“The only true governing principles are speed, reliability, and ease of use. “
American Fuzzy Lop is a relatively new fuzzer, written and designed primarily by the famous lcamtuf, that has been making the rounds in the infosec world due to its overwhelming success. A large portion of this success is due to it’s compile time instrumentation and a basic genetic algorithm which allows it to exercise a surprising amount in the targeted program. Most of the information here is summarised or stolen from lcamtuf’s own whitepaper. My own interest in AFL, aside from the bug finding, was how this instrumentation worked to increase code coverage.
The ‘Genetic’ algorithm is relatively simple and won’t be discussed much further than this simple outline:
- Load user-supplied initial test cases into the queue,
- Take input file from the queue,
- Repeatedly mutate the file using a balanced variety of traditional fuzzing strategies
- If any of the generated mutations resulted in a new tuple being recorded by the instrumentation, add mutated output as a new entry in the queue.
- Go to 2.
As mentioned earlier, one of AFL’s main features is that it injects lightweight instrumentation during the compilation process of a program to give feedback to the fuzzer. This lets it know when a change is made in the input has affected the programs execution flow in such a way that it has triggered a new transition in state. Previously, most other coverage recording tools used in fuzzing just focused on recording when a basic block has been hit, but AFL records the transition between states e.g. A -> B instead of just A and B.
From his docs:
This form of coverage provides considerably more insight into the execution path of the program than simple block coverage. In particular, it trivially distinguishes between the following execution traces:
A -> B -> C -> D -> E (tuples: AB, BC, CD, DE)
A -> B -> D -> C -> E (tuples: AB, BD, DC, CE)
When an input generates an execution flow with a new tuple, it is saved and added to the queue of input files for future mutation.

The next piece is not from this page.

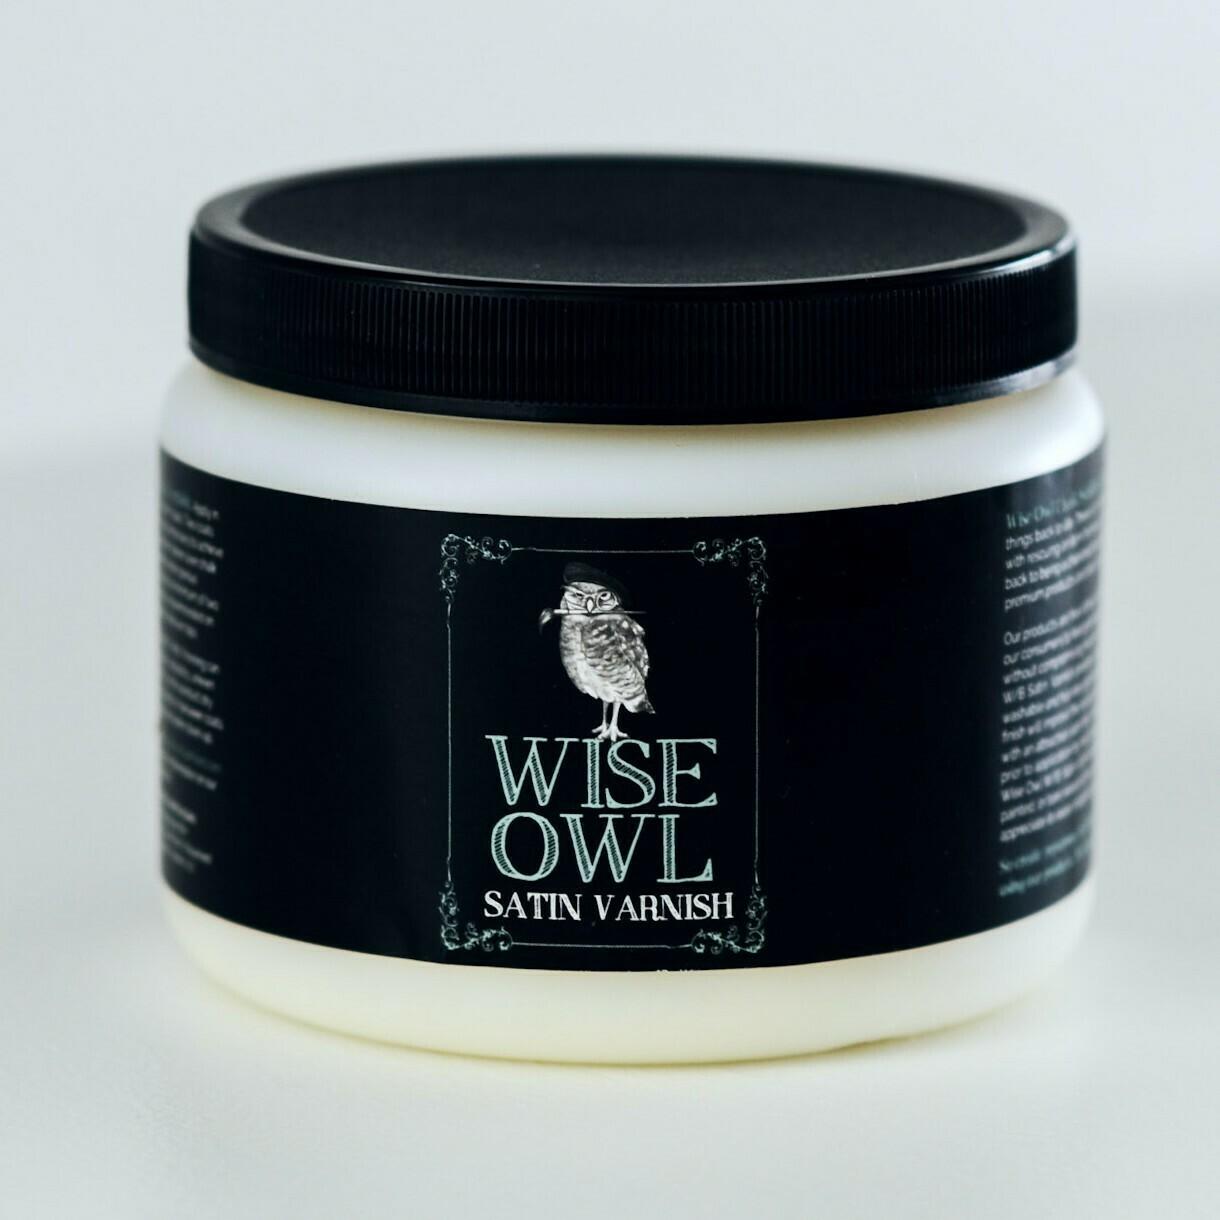 32 Oz Wise Owl Satin Varnish

He further adds pseudo code for this feature:
The fuzzer maintains a global map of tuples seen in previous executions; this data can be rapidly compared with individual traces and updated in just a couple of dword- or qword-wide instructions and a simple loop.
One of the most amazing things about AFL is how fast this shared memory bitmap can be processed and compared to previous runs. Years ago when I was fuzzing flash I wrote a naive algorithm to compare execution traces I’d generated using DynaRIO + an internet gathered corpus and it was several orders of magnitude less impressive than this one.
To demonstrate what this instrumentation actually looks like as concrete code below is part of a binary compiled without, and then with the instrumentation from AFL.
A call to __afl_maybe_log is added to the beginning of every instrumented basic block, with a number of instructions that save register values so they won’t be clobbered by the injected code. Notice that ecx is loaded up with a random number before each __afl_maybe_log called. This is the ‘cur_location’ variable.
Inside __afl_maybe_log is mostly code that sets up the accessing a shared memory region which stores the map of tuple hits.
Every byte set in the output map can be thought of as a hit for a particular (branch_src, branch_dst) tuple in the instrumented code.
The workhorse of this function is the block that actually does the recording and looks very similar to the pseudo code above :>
The shift right of ecx is very important as it maintains the directionality of the tuples. Without the shift, A -> B would be the same as B -> A or even A -> A.
The other coverage metric that is used by AFL is hit count of each recorded tuple. The tuples are sorted in various buckets based on the number of times they’re executed, sized 1, 2, 3, 4-7, 8-15, 16-31, 32-127, and 128+ hits. If a particular execution trace causes a tuple to shift buckets, either up or down, then it is considered interesting enough to feed back into the AFL ‘genetic’ engine. This hit counting makes up the majority of ‘new’ traces vs purely new tuples which usually make up 10-30%.
Interestingly, AFL aggressively culls execution paths that slow the overall speed down by a large (beyond the 5x initial testing speed) amount as lcamtuf doesn’t consider the trade off of this new path worth it. Herr Nagy echoed a similar sentiment during his Kiwicon presentation when he praised the god of speed:
There are a number of reasons why this is interesting to my research on computer assisted vulnerability finding but primarily we could leverage intelligent fuzzing to help us test hypotheses as to whether a particular state could be reached. This state doesn’t have to immediately be a security vulnerability, e.g. a strcpy(), but perhaps something more subtle that would have be first noticed by a human auditor. A large portion of this could potentially be automated by drawing on the corpus of interesting files/inputs AFL generates and saves while running, by giving it a close starting point to our target state.